THE DATA -
>>>
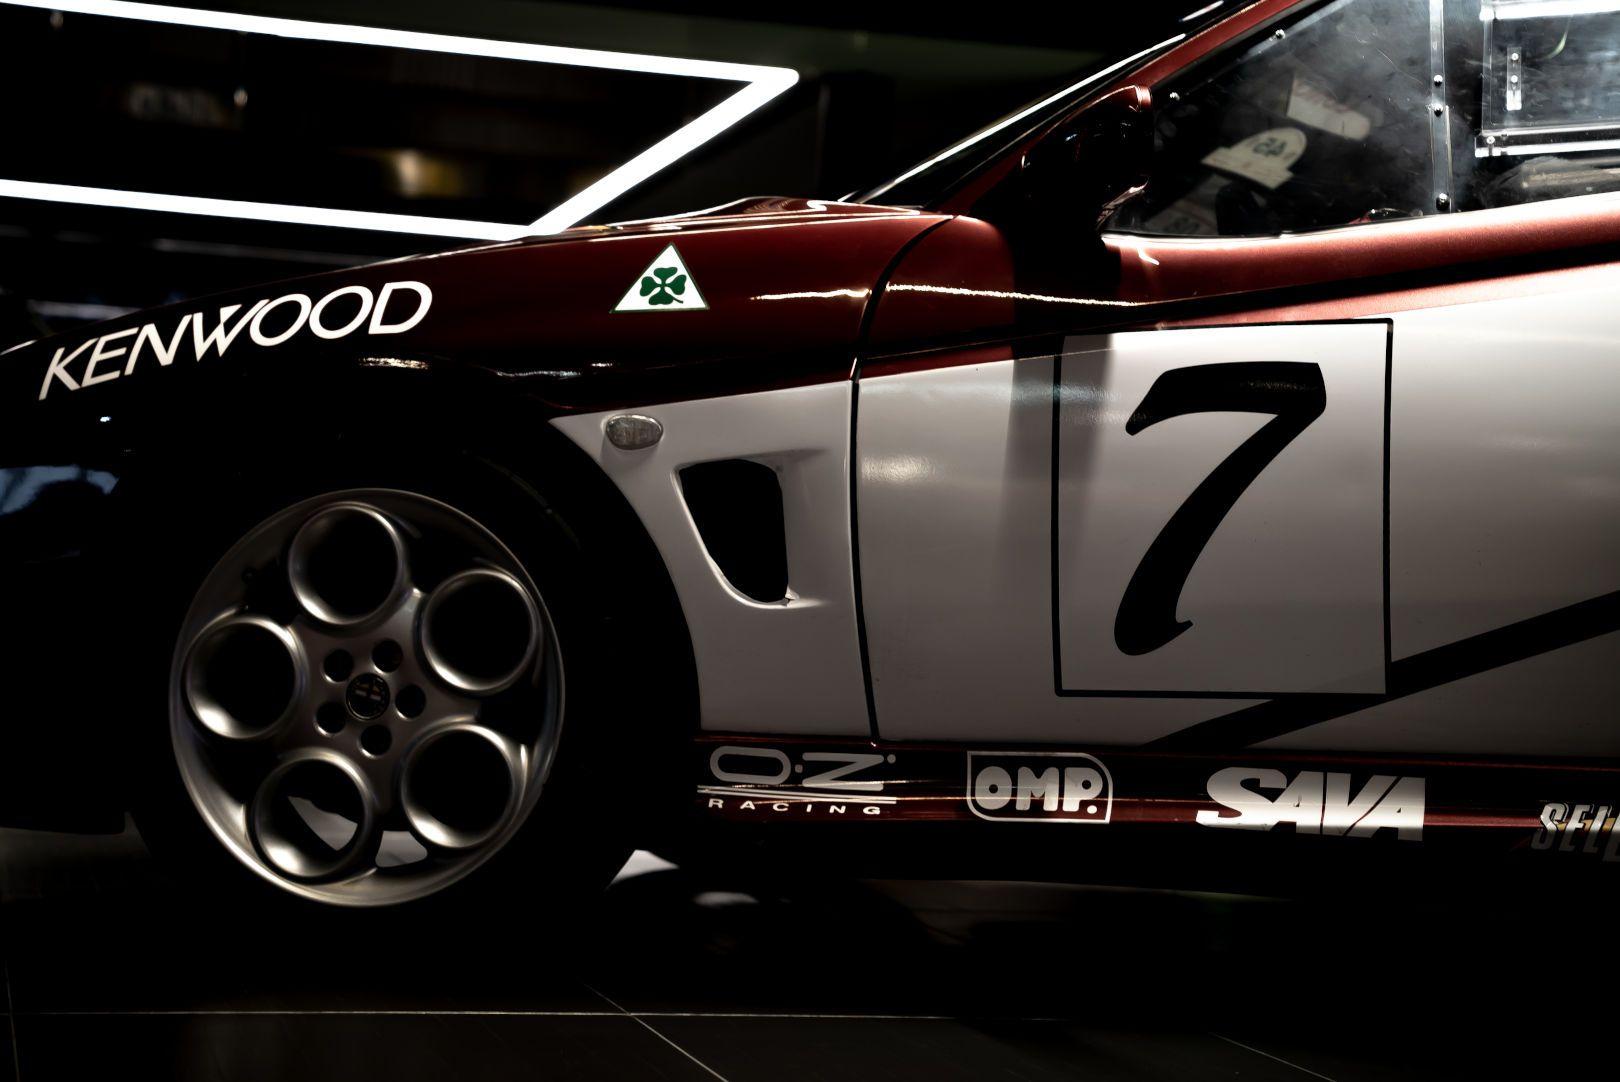 1995 Alfa Romeo GTV 2.0 V6 Turbo Cup Replica 57185
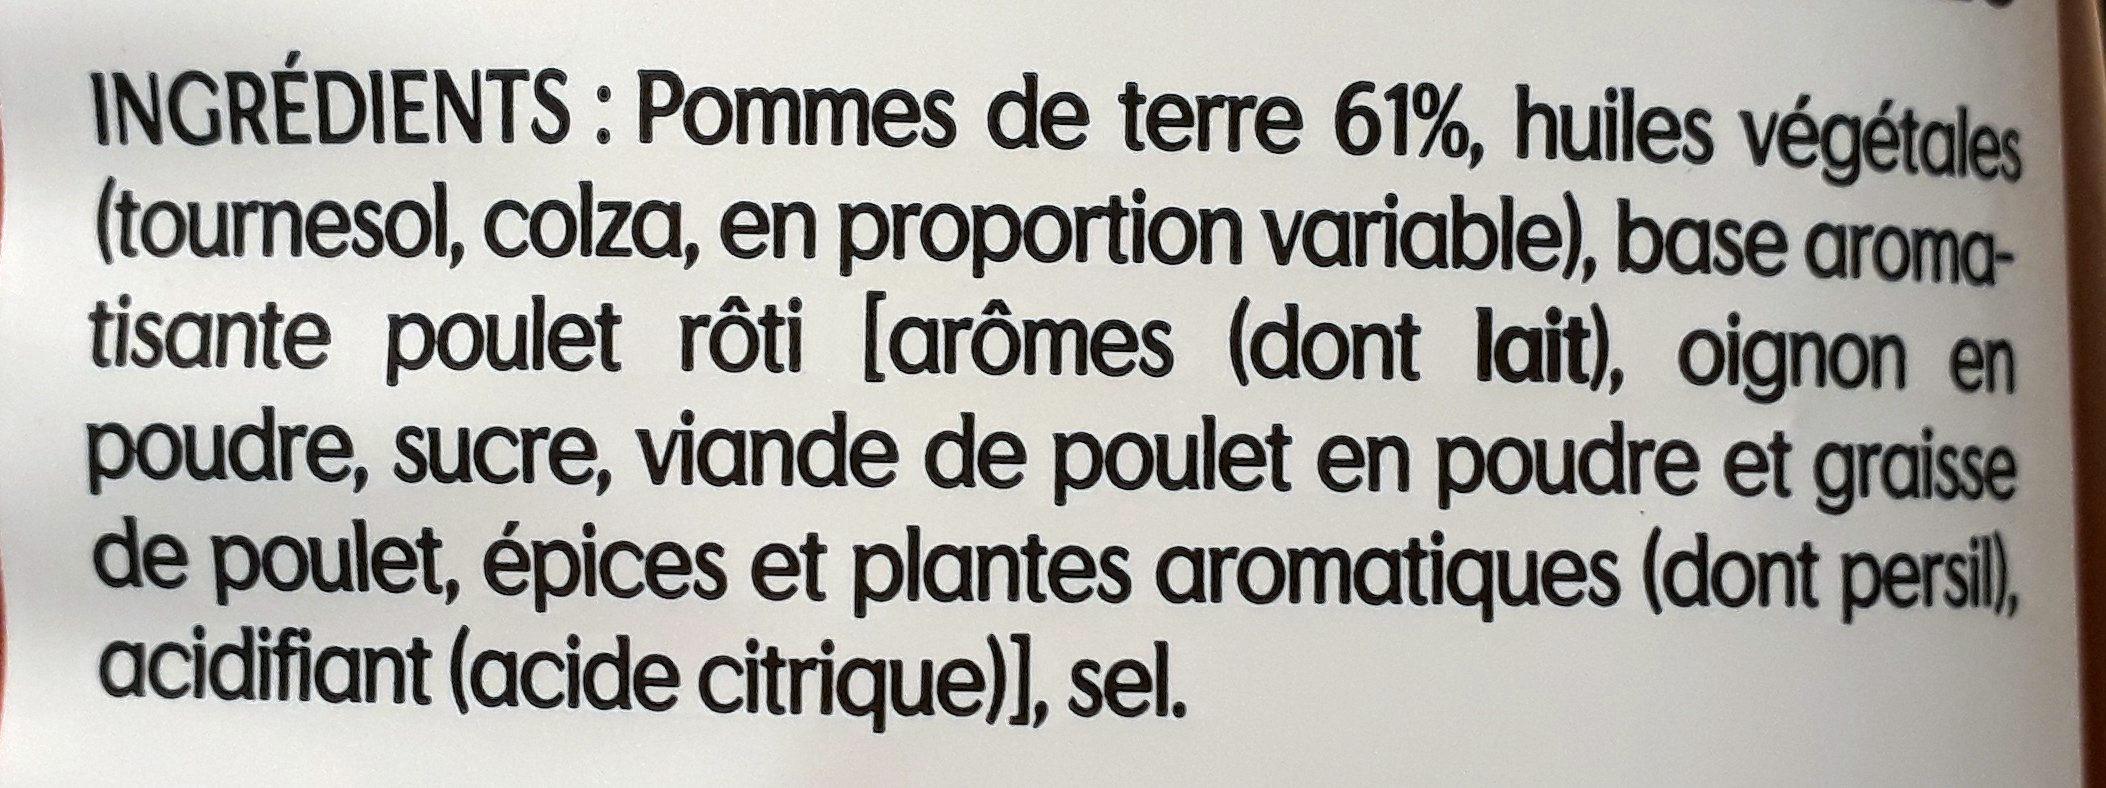 Saveur Poulet Rôti - Inhaltsstoffe
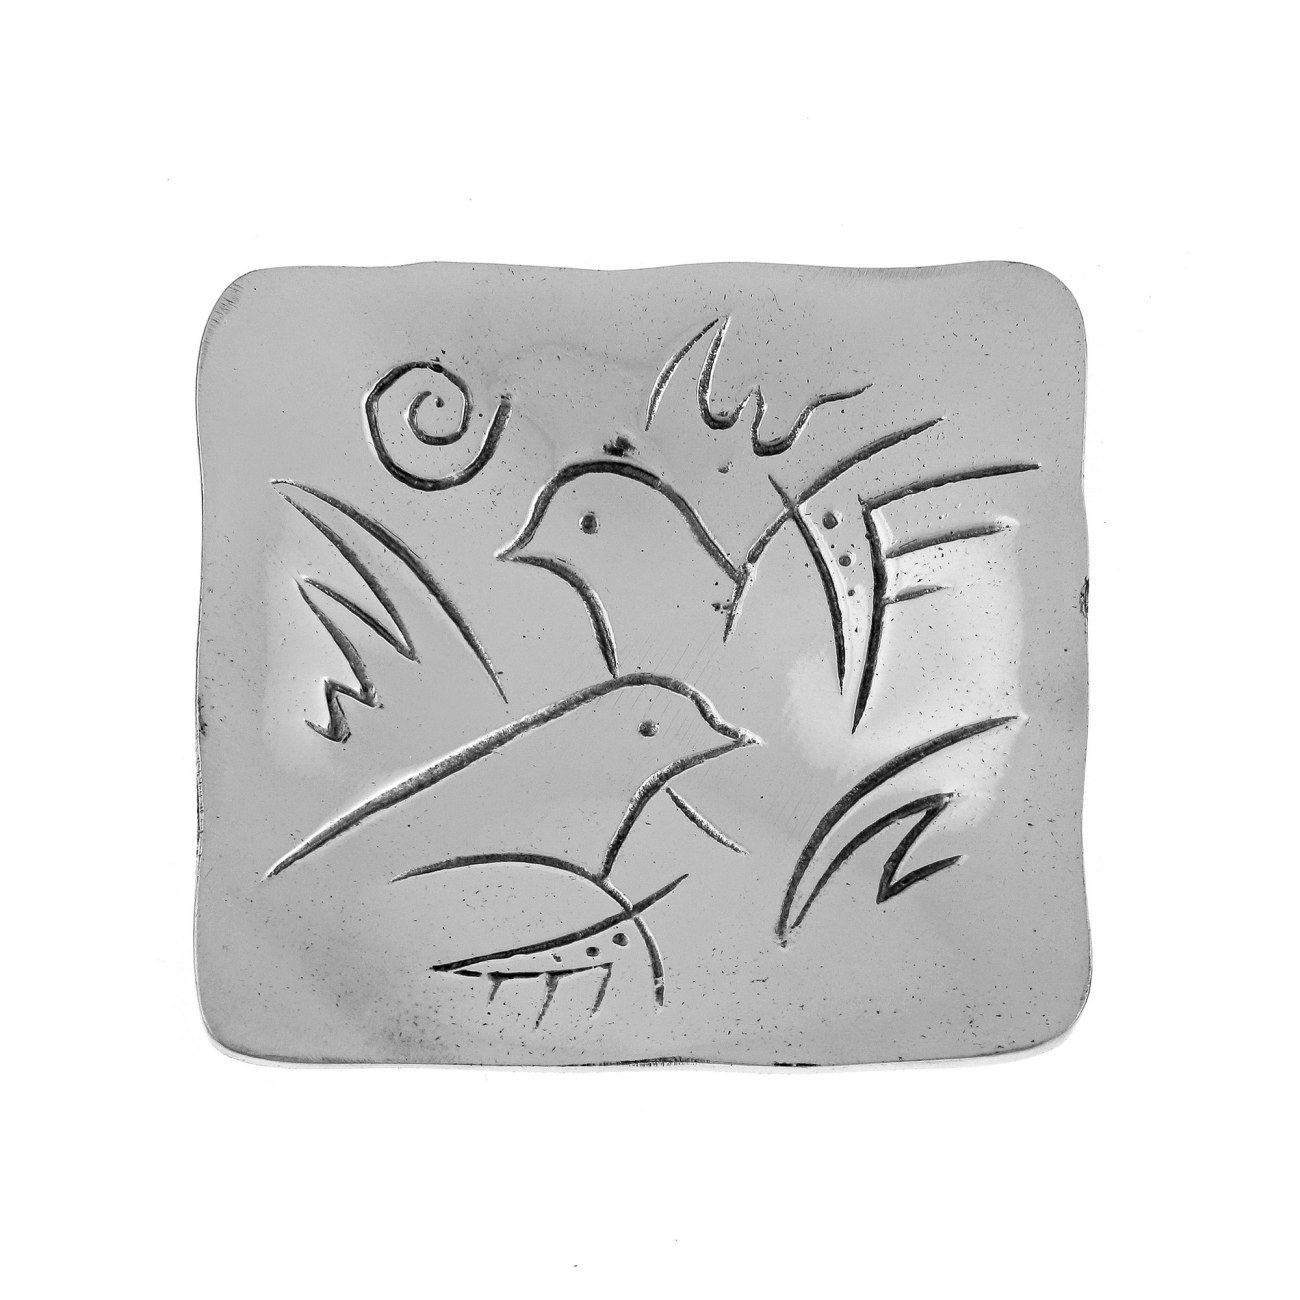 Decorative Metal Plate Engraved 2 Dove Birds Design - Handmade Solid Aluminum Silver Color 9.5x9.5cm  sc 1 st  Elite Crafters & Decorative Metal Plate Engraved 2 Dove Birds Design - Handmade ...
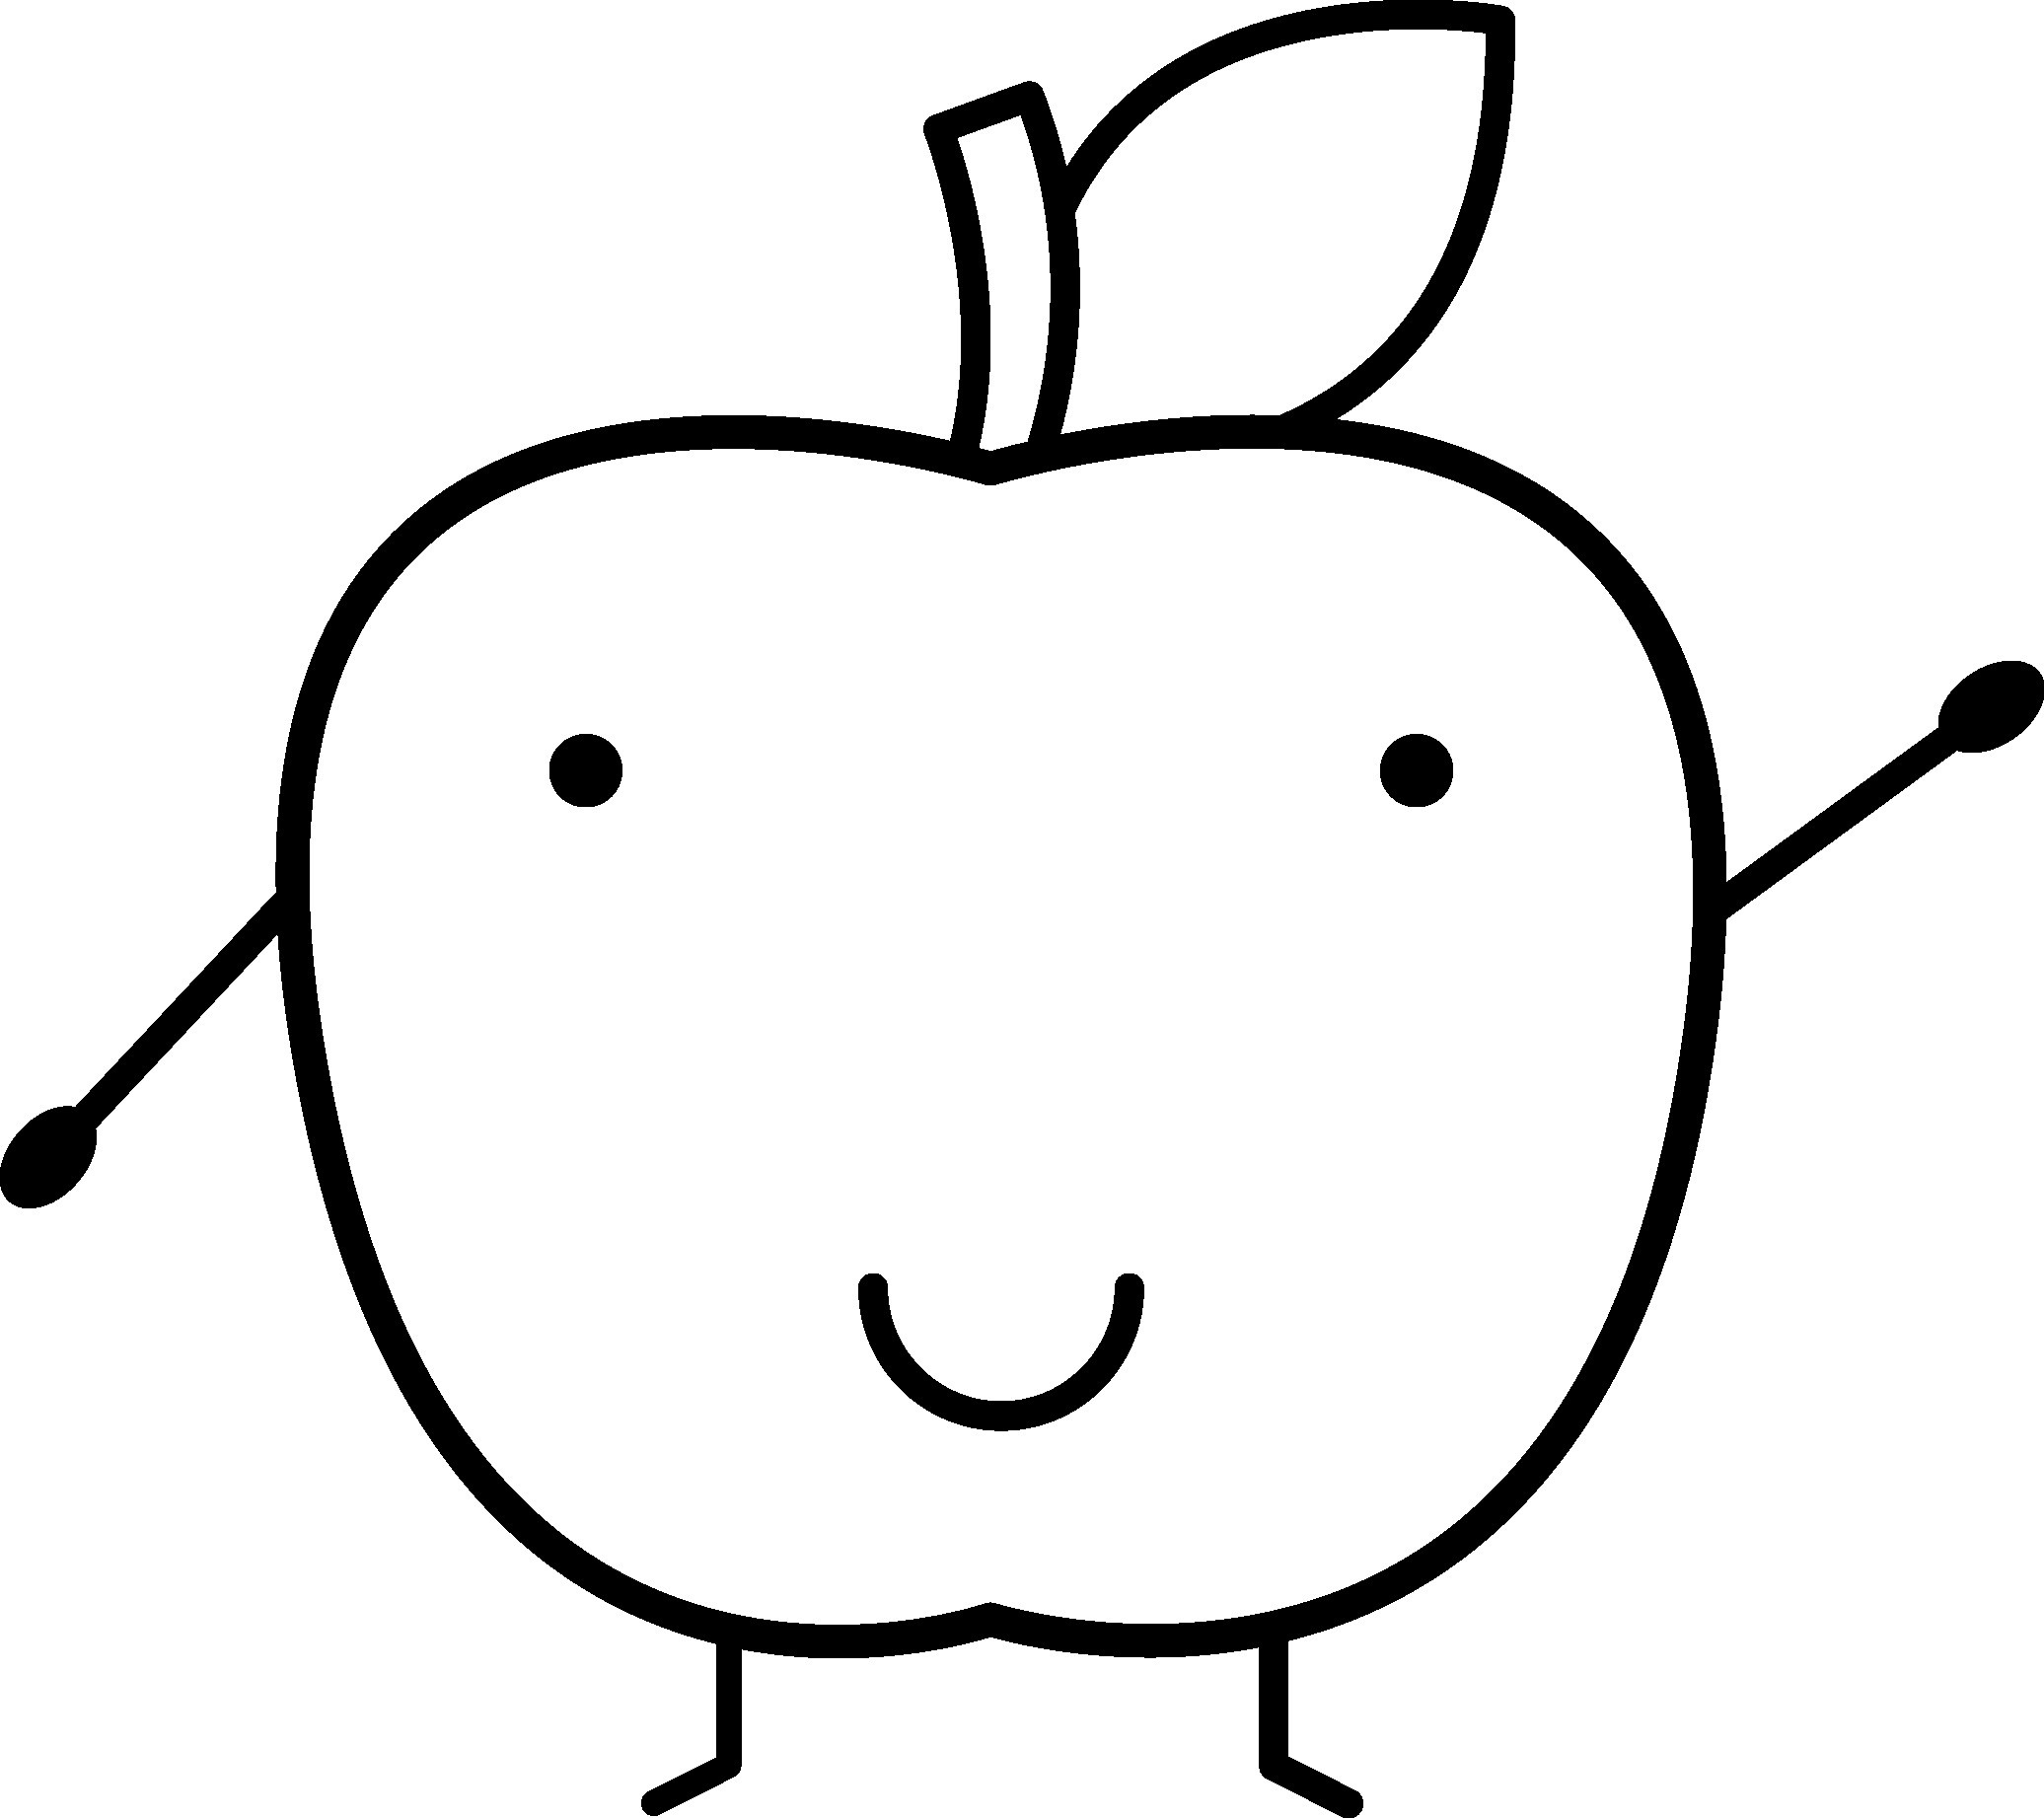 Raupe Nimmersatt Ausmalbild Neu Smiling Apple Schön Kleine Raupe Nimmersatt Ausmalbilder Bilder
<<<
EXERCISE OBJECTIVE - The full listing, transcribed exactly and without its pictures, is the expected result.

WORKED SOLUTION -
 1995 Alfa Romeo GTV 2.0 V6 Turbo Cup Replica 57185
 Saveur Poulet Rôti - Inhaltsstoffe
 Decorative Metal Plate Engraved 2 Dove Birds Design - Handmade Solid Aluminum Silver Color 9.5x9.5cm  sc 1 st  Elite Crafters & Decorative Metal Plate Engraved 2 Dove Birds Design - Handmade ...
 Raupe Nimmersatt Ausmalbild Neu Smiling Apple Schön Kleine Raupe Nimmersatt Ausmalbilder Bilder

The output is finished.